American shared that these fares will earn full redeemable miles and elite qualifying dollars, however they will earn only 50% elite qualifying miles and 50% elite qualifying segments. United in contrast offers redeemable miles on their basic economy fares but no elite qualifying credit whatsoever.

Sizing Your Carryon, Not Restricting You From the Overhead

One myth is that these fares do not allow customers to use the overhead bin. That’s not true, once onboard customers aren’t treated any differently based on buying a Basic Economy fare. American will be checking bag sizes before entering the jetbridge, not where customers put their bags on the plane.

An American spokesperson tells me “We plan to update the bag sizers to make allowable carry-on sizes clear.”

I understand the allowable size of a personal item will be 18″ x 14″ x 8″. This will potentially have implications beyond Basic Economy customers, as anyone’s personal item can be checked by a gate agent against the permitted size.

Your Boarding Passes Will Have a ‘Scarlet B’

American also told me that boarding passes will identify basic economy customers. So even if you board early, a gate agent may notice your ‘Scarlet B’.

We’ll be providing multiple, clear disclosures throughout the travel process, and the boarding pass is one place we expect to use to accomplish this.

Will American Be Ready for the Launch of Basic Economy?

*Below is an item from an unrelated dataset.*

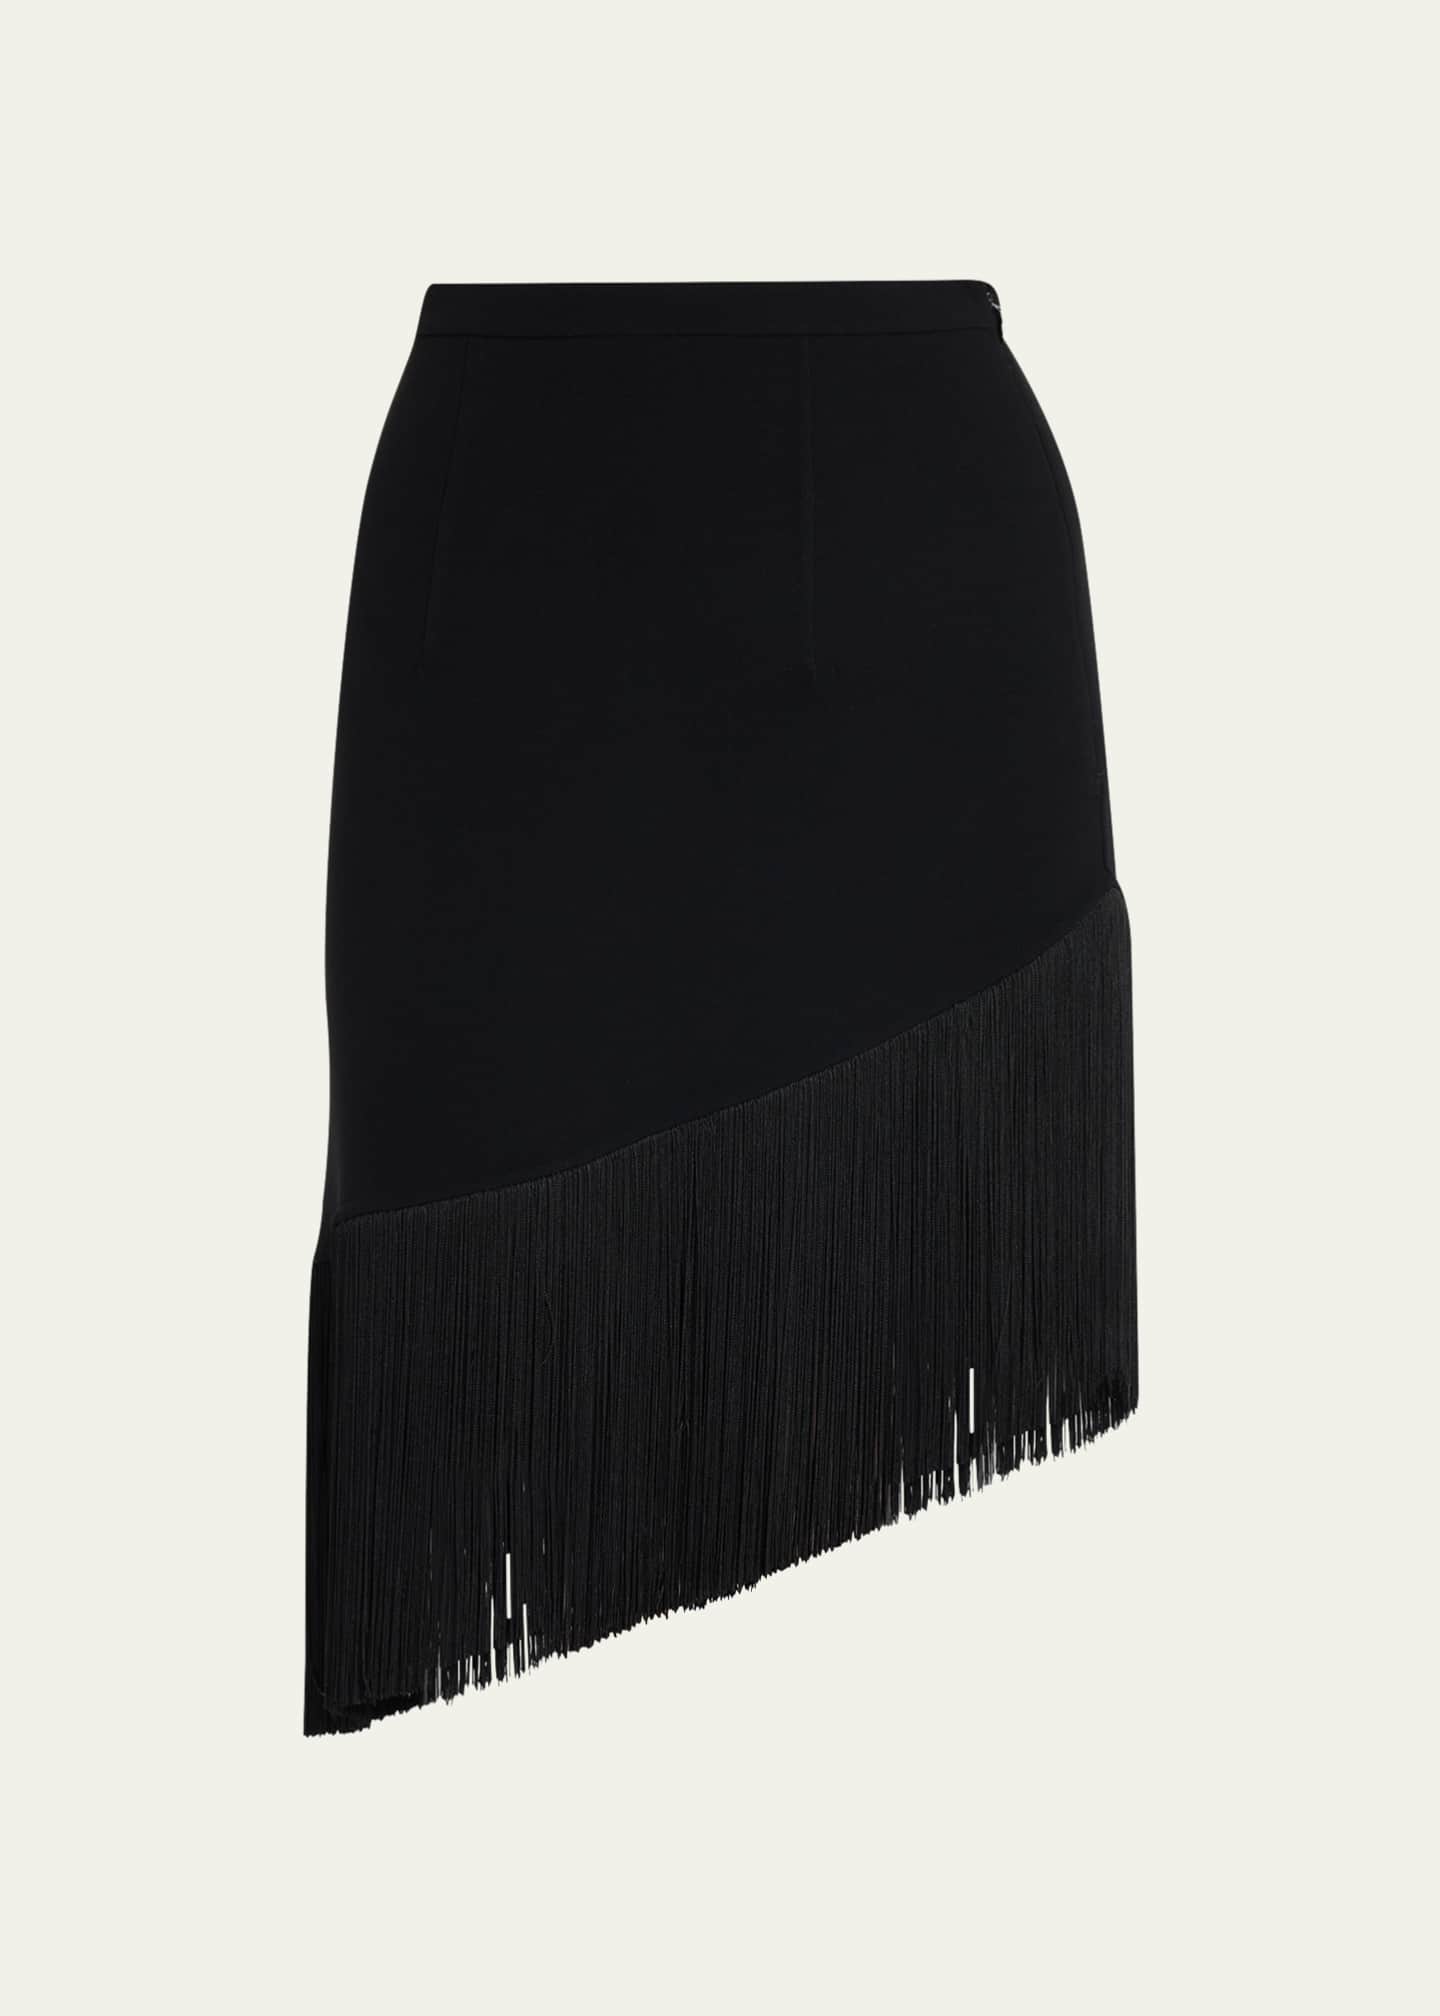 Michael Kors Collection Asymmetric Pencil Skirt with Fringe Trim Image 1 of 4

I’ve heard that the IT for all of these changes may not be 100% on day one for travel on Basic Economy fares. Specifically, the functionality to exempt elites frequent flyers and cobrand credit card holders from the ban on full sized carry ons may not be implemented and as a result the no carry on Scarlet B may print on boarding passes and require an agent to manually remove.

American hasn’t commented on this specifically, and I’m hopeful that they get everything working properly or delay launch until they do.

Where Basic Economy Customers May Be Worst Off is When Things Go Wrong

The biggest downside to these fares though appears to be something that hasn’t been shared with press. I asked American this morning to confirm and they haven’t responded (I’ll update if they do) but I’ve been told that non-elite Basic Economy customers will be at the bottom of the list for re-accommodation in the event of irregular operations.

Here’s how it seems like it would work if a flight cancels for someone (who is not an elite frequent flyer) on a Basic Economy fare:

  • If flights cancel — whether due to weather, mechanical, crew availability, or otherwise — customers will only be re-accommodated onto American Airlines flights (no interlining onto another airline) and will only be re-accommodated into Basic Economy inventory.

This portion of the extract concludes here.